San Diego Co-Chairs: Alan Kenny, Robert Wernli
Porto Co-Chairs: António Pascoal, Eduardo Silva, João Borges de Sousa

We’re going Hybrid!
Rooted in the success of previous OCEANS Conferences, OCEANS 2021 is poised to be an even stronger global event. With the European conference delayed due to the pandemic, the Porto, Portugal, OCEANS 2021 spring conference team has joined forces with the San Diego team to bring you Global OCEANS 2021: San Diego – Porto, a hybrid event with both an in-person and virtual presence possible. While we hope to see as many attendees as possible enjoy the in-person conference in San Diego, everyone who wishes to attend worldwide will have a virtual venue available to enjoy the significant benefits of the conference not found anywhere else in 2021 – technical innovation, scientific research, and high-level agency and commercial budget and investment briefings.
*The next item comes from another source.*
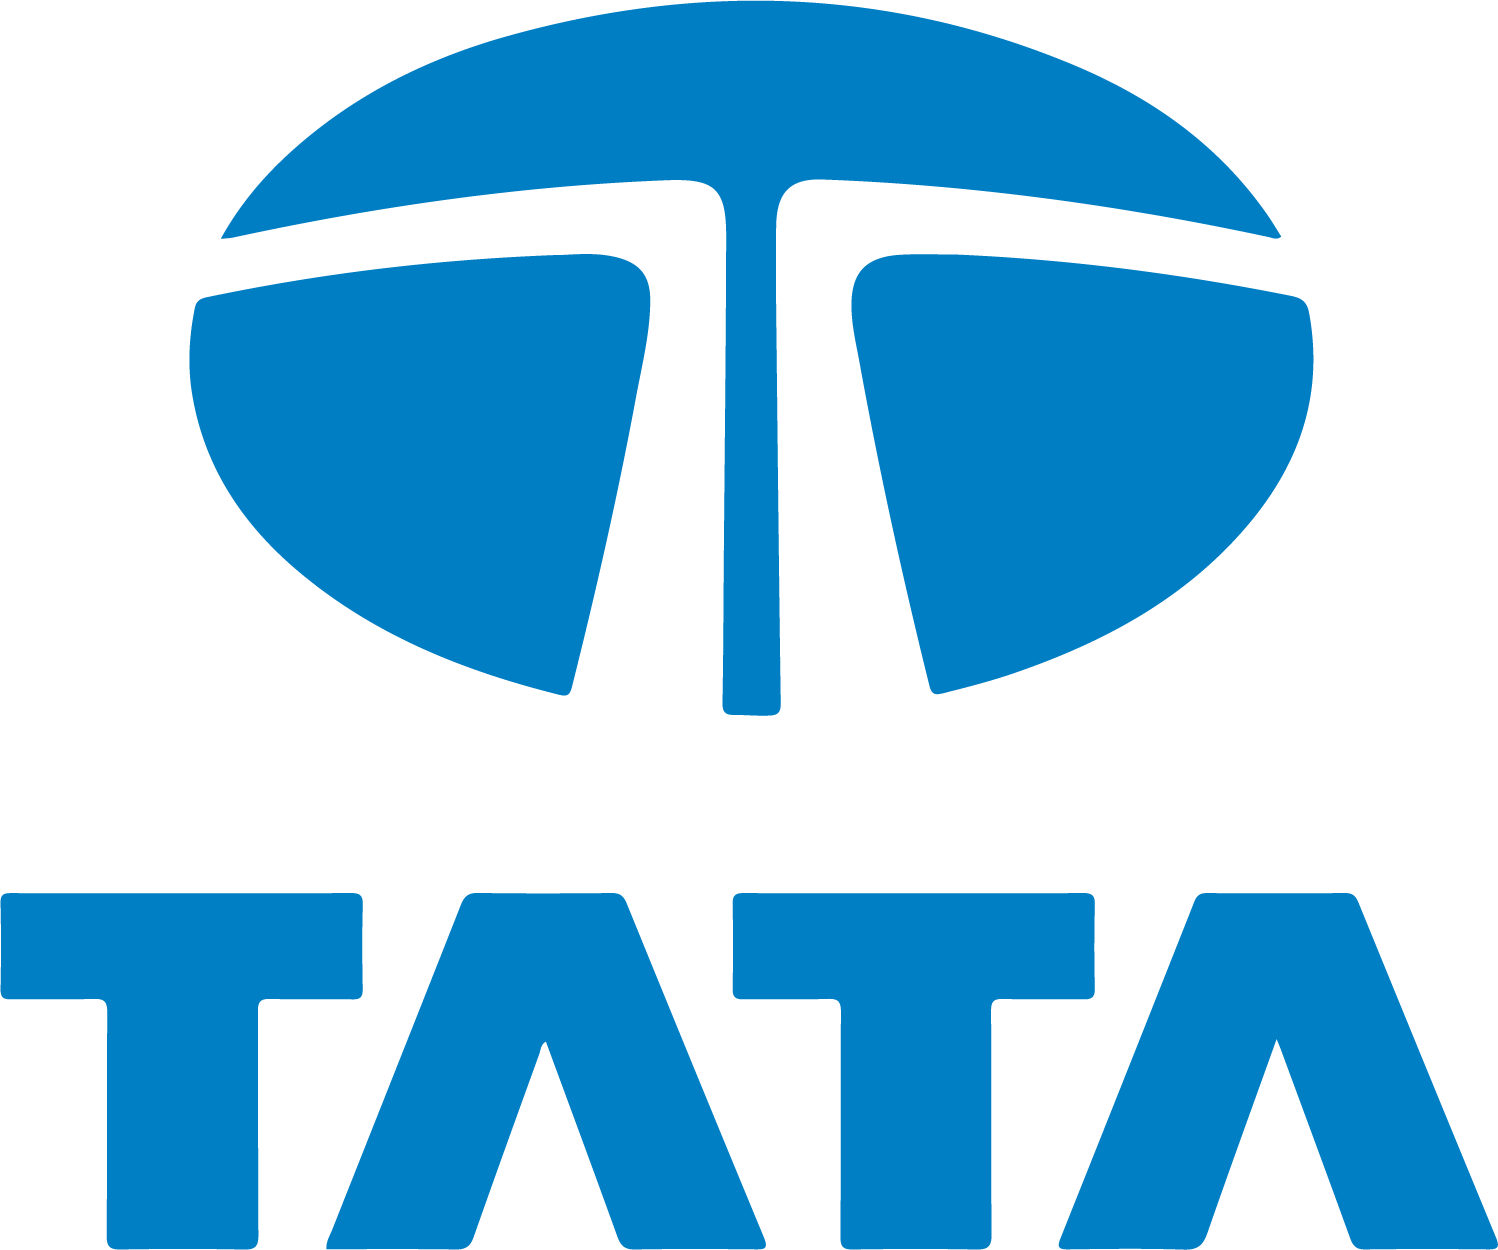 Tata Power | MIT Energy Initiative

In addition, come and enjoy the in-person joint kickoff with the United Nations of its IOC “Decade of Ocean Science for Sustainable Development.”
For the benefit of all attendees, whether in-person or virtual, both San Diego and Porto will hold, or present, their plenaries, workshops, etc., during the standard OCEANS schedule and in their respective time zones. All technical papers and posters, whether virtual, or in-person, will be uploaded and on line access will be available to registrants for a month after the conference ends.
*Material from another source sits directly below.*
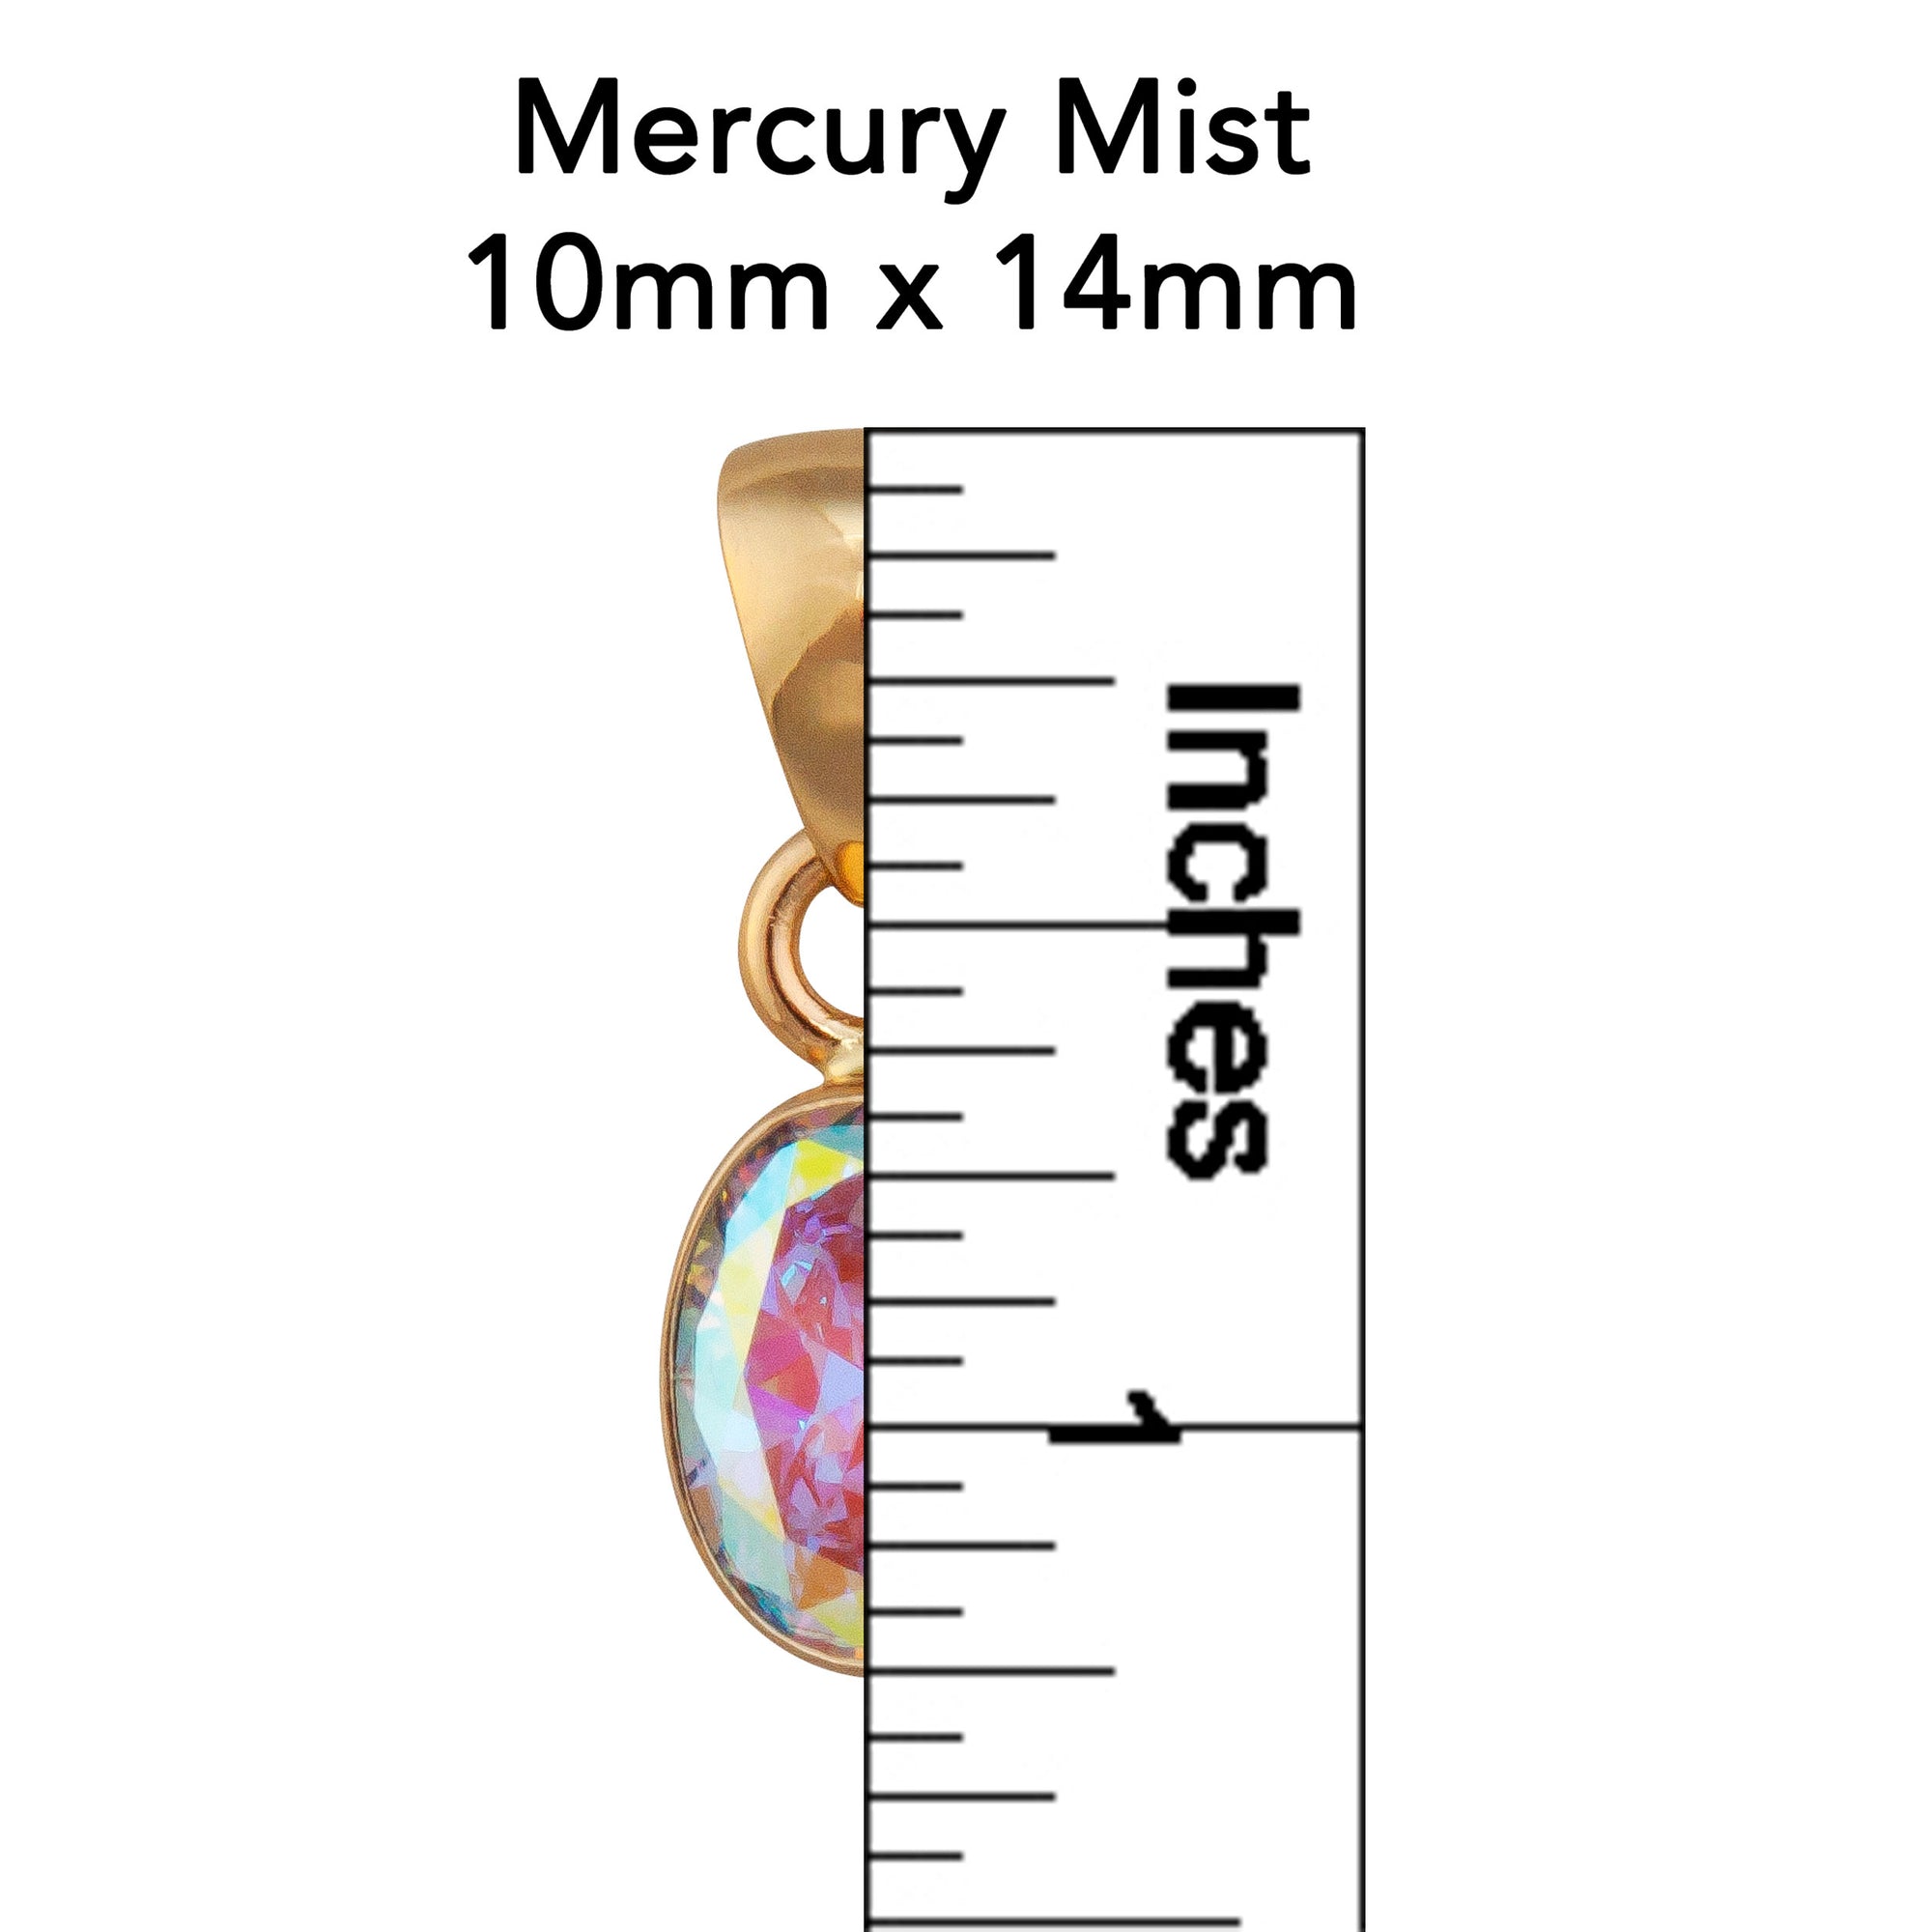 Alchemia Mercury Mist Oval Pendant | Charles Albert Jewelry

The San Diego website has been updated to reflect the new hybrid conference (https://global21.oceansconference.org). This also includes an updated exhibitor floor plan that provides a more efficient interaction between the exhibitors and attendees. Our call for papers has also been issued. The technical program will provide in-person presentations, which are also uploaded to the virtual program site, for those who can attend in San Diego; for those authors who cannot attend in San Diego, they will also have the ability to upload their presentations to the virtual program site. All registered attendees will have access to all technical papers and events that have been uploaded.
Global OCEANS 2021 Porto
The Global OCEANS 2021: San Diego – Porto virtual conference will provide lively presentations and discussions on oceans-related issues and the ability to experience the magic of the oceans spanning centuries of maritime history. The Porto virtual conference will complement the in-person San Diego portion of this hybrid event, providing a method for everyone to participate regardless of any travel issues. Our Porto themes are:
・Opening the Ocean Frontier: A New Age of Discoveries
・Ocean science and technology for the benefit of humankind.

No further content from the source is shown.